The LLP-Co method learns visual patterns and automatically clusters large volumes of data, with applications in identifying deforested areas and characteristics of plant biodiversity in forest regions
Applying satellite imagery and artificial intelligence to determine deforestation levels and details of the Amazon Rainforest’s biodiversity—this ambitious project is being developed by Professor Dário Oliveira from the School of Applied Mathematics at Fundação Getulio Vargas (FGV EMAp) and his students. The research employs a methodology developed by Oliveira during his stay at the University of Wisconsin-Madison (USA), which was awarded at the VIII FGV Research and Innovation Symposium. This methodology enables the automatic classification of agricultural crops using a machine learning system that relies on satellite imagery for mapping.
At the core of this approach is the Learning from Label Proportions with Prototypical Contrastive Clustering (LLP-Co) tool, which organizes large datasets captured by drones and satellites. These devices can fly over the rainforest and collect large-scale data, even in areas with dense vegetation cover. The system processes, labels, and classifies this data autonomously, learning through researcher supervision and validation.
LLP-Co can "learn" which types of crops appear in each section of the image—even without detailed instructions on which section corresponds to which crop. | Source: Reproduction/ La Rosa; Oliveira; Ghamisi, 2022.
How does the model work?
LLP-Co recognizes patterns by considering various characteristics, such as colors and historical data from the observed region.

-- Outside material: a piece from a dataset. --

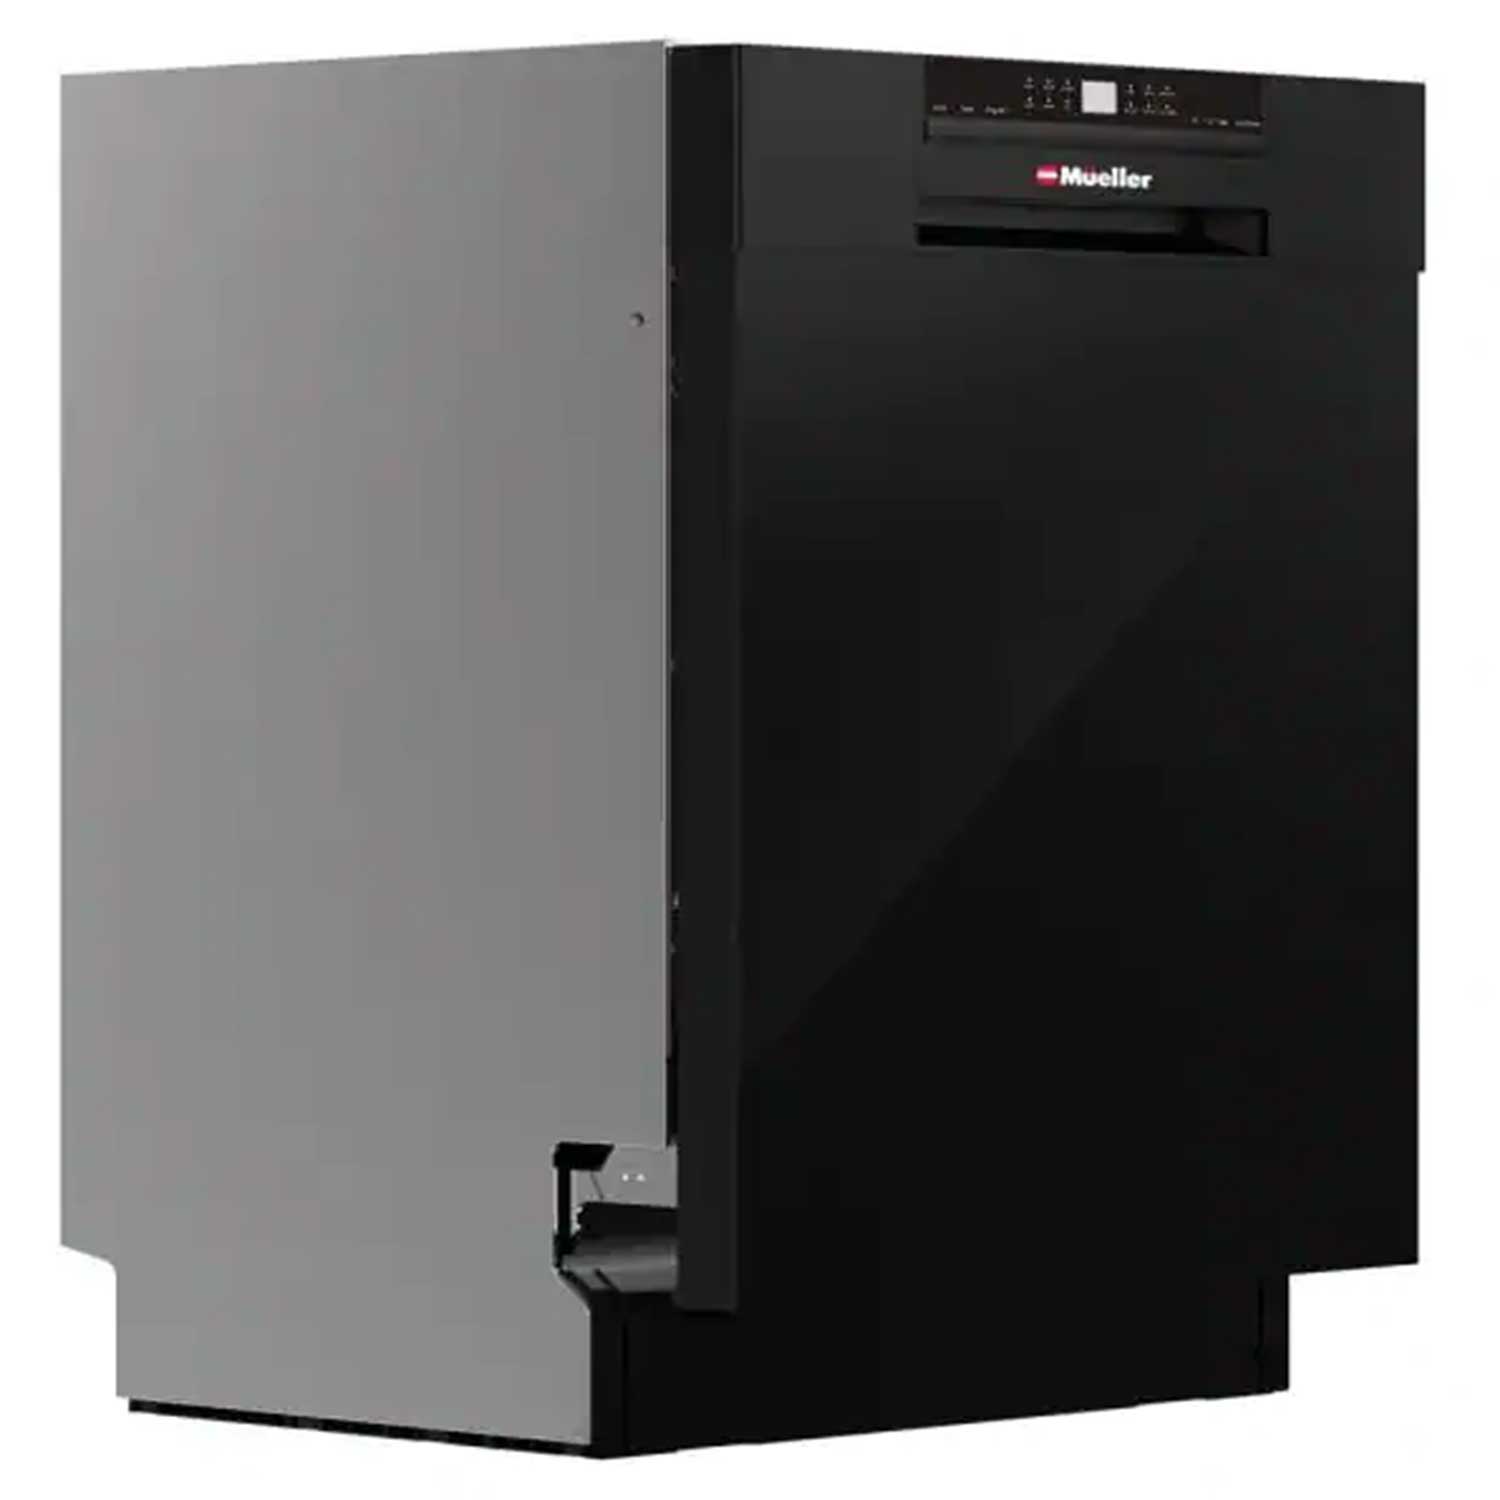 Professional Series 24 Built-In Dishwasher

It employs prototype-based contrastive learning, where images are processed and divided into "bags"—sets of small pixel blocks—that are then grouped into clusters (collections of elements sharing similar characteristics) without the need for individual sample labeling.
According to the research, the LLP-Co method has outperformed traditional unsupervised learning approaches, such as Swapping Assignments Between Views (SwAV). Remote sensing image classification is a time-consuming and labor-intensive task, but systems like LLP-Co significantly reduce the need for human effort in this process.
With the help of drones, researchers can capture images and classify them using the LLP-Co system. | Photo: Envato
The system's applications in forest monitoring enable greater accuracy in tracking deforestation progress, allowing for more effective public policy management. Additionally, the identification and classification of plant species can reveal surprising details about local biodiversity, opening new avenues for research focused on environmental conservation.
Versatility of applications
Professor Dário Oliveira’s research is at the forefront of Data Science. Through international collaborations, his work spans multiple disciplines and has been published in highly respected scientific journals. In the Social Sciences field, Oliveira contributed to a study that explored the relationship between socioeconomic indicators using satellite imagery processed by artificial intelligence. The findings enable applications in urban planning, social inequality monitoring, and the development of more effective public policies to support community growth.
Another study examines the connection between urban expansion and land surface temperature (LST) increase. Using LST time series extracted from satellite images, the researchers applied clustering methods to identify spatiotemporal patterns in three cities: Kolkata (India), São Paulo (Brazil), and Munich (Germany). The results revealed that urban growth significantly contributes to rising LST, particularly in recently urbanized peripheral areas. Additionally, the study showed that the migration of the LST center of mass over time reflects the direction of urban expansion.
Application of how deep learning models can predict socioeconomic outcomes related to local environmental conditions | Photo: Reproduction/ Obadic et al., 2024.
Dário Oliveira also contributed to research that proposed a new method for improving the synthesis of extreme climate data using variational autoencoders (VAEs). The VAEs were trained to recognize climate patterns from historical precipitation data, enabling the prediction or generation of new climate scenarios. The results indicate that this technique can enhance climate forecasting models and environmental risk analysis. This approach also helped correct biases in traditional models, ensuring that rare events were neither underestimated nor overlooked. The methodology has potential applications beyond climate studies, including natural disaster prediction, climate monitoring, and urban planning.
The work of Professor Dário Oliveira and his team at FGV EMAp marks a significant advancement in artificial intelligence and remote sensing techniques for complex data analysis. The versatility of this method allows its application across multiple fields, broadening the use of geospatial data to better understand urban, climate, and socioeconomic phenomena.
Through these innovations, FGV EMAp plays a key role in bridging data science and sustainability, offering groundbreaking solutions for environmental monitoring and strategic decision-making in natural resource management.